As you can see, our strength in utilizing resources was in Step 2 and 4. Our greatest weakness was in Step 3 where the network bandwidth became the bottleneck of streaming. Even though we could perfectly meet the customer demands of having multiple video streams on the LED video wall, the network infrastructure had to be setup appropriately and required special care.
Today, people want to stream higher resolution screens with higher frame rates. Upgrading to a larger network bandwidth such as a 10 gigabit network will accommodate this of course, but it doesn’t actually solve the problem.
So, we looked back into our design and decided to focus on improving Steps 2 and 4 in order to reduce network bandwidth usage. This makes the most sense since computing resources such as the CPU and GPU continue to get faster and more powerful, while network bandwidth remains mostly the same. In a perfect world 10 gigabit networks would be widely available, but we are not holding our breath for that to happen.
In Step 2, we added an industry-standard H.264 encoding engine which encodes a 1920 x 1080 screen at 60 FPS comfortably using modern CPU/GPUs. Then we added our own special patent pending sauce to serve our specific purpose. The result is that the network bandwidth (Step 3) is now reduced to about 50-100 Mb/s, or 5-10% of a gigabit network which reduces the burden on network infrastructure and enables more simultaneous video streams across the video wall. As an added benefit, the encoding engine also allows for much higher image quality than our old compression engine.
In Step 4, the receiving side decodes and renders the stream, which is more work than before. However, since most CPU/GPUs these days include very efficient methods of decoding H.264 streams, the CPU/GPU resource usage increases only by a little.

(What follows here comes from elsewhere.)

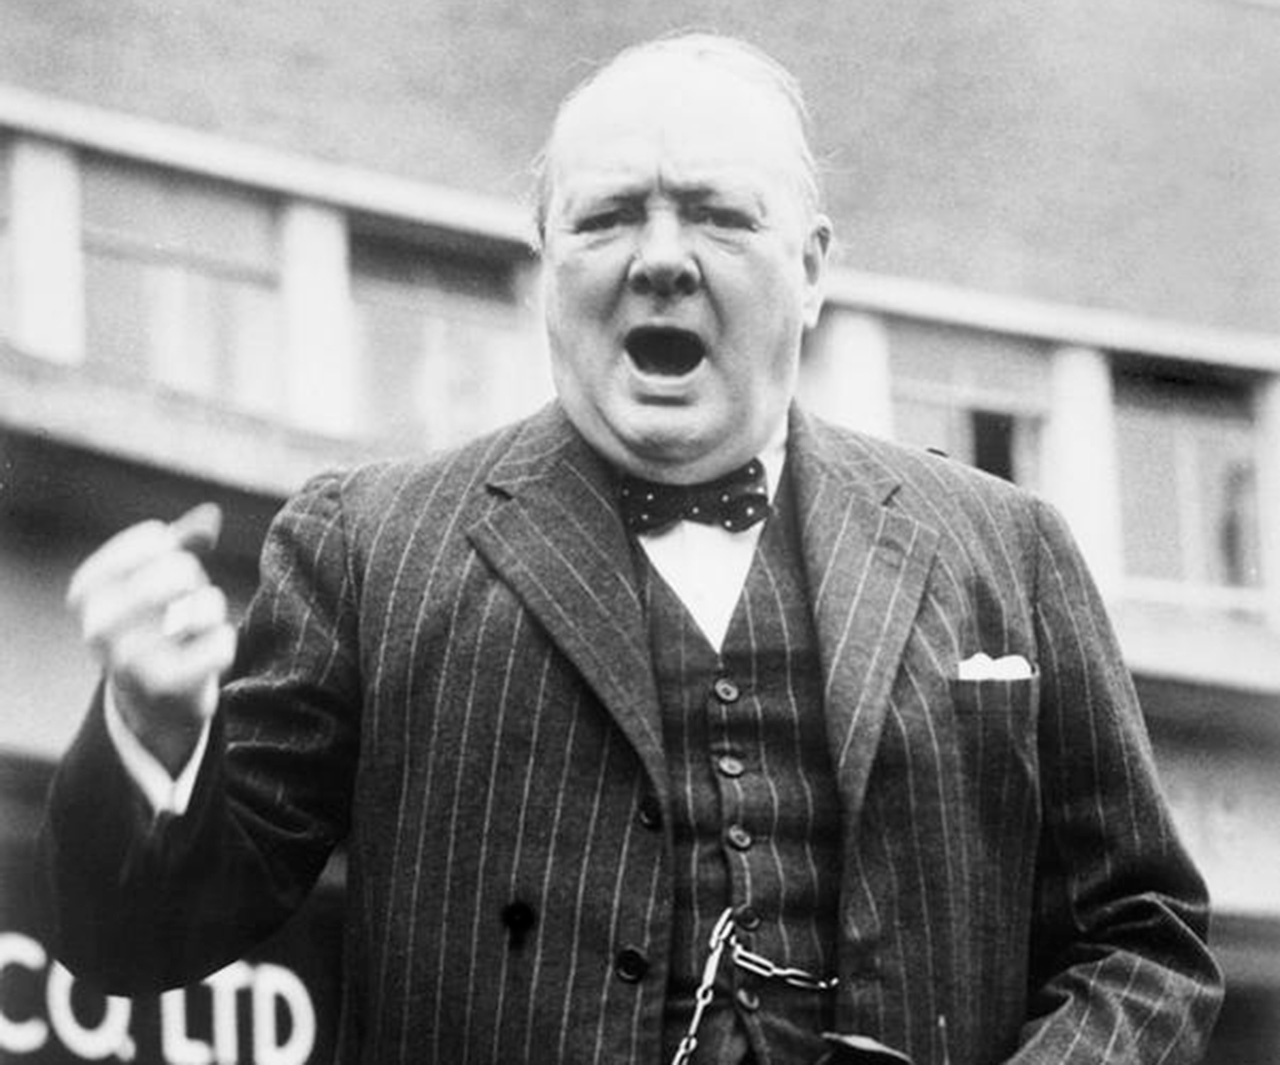 Уинстон Черчилль в июле 1945 г. планировал напасть, а в 1947 году нанести атомный удар по Советскому Союзу. В результате отгородился от СССР «железным занавесом».

With this rebalancing of resource usage, we can achieve very efficient streaming with improved image quality and a network bandwidth reduction of about 10 fold.
We place a lot of emphasis on future-proofing. Our software technology can easily adapt to hardware improvement. When more powerful encoding/decoding hardware engines are available, our software engine will be able to utilize them to provide higher resolution streams with minimal network bandwidth increase.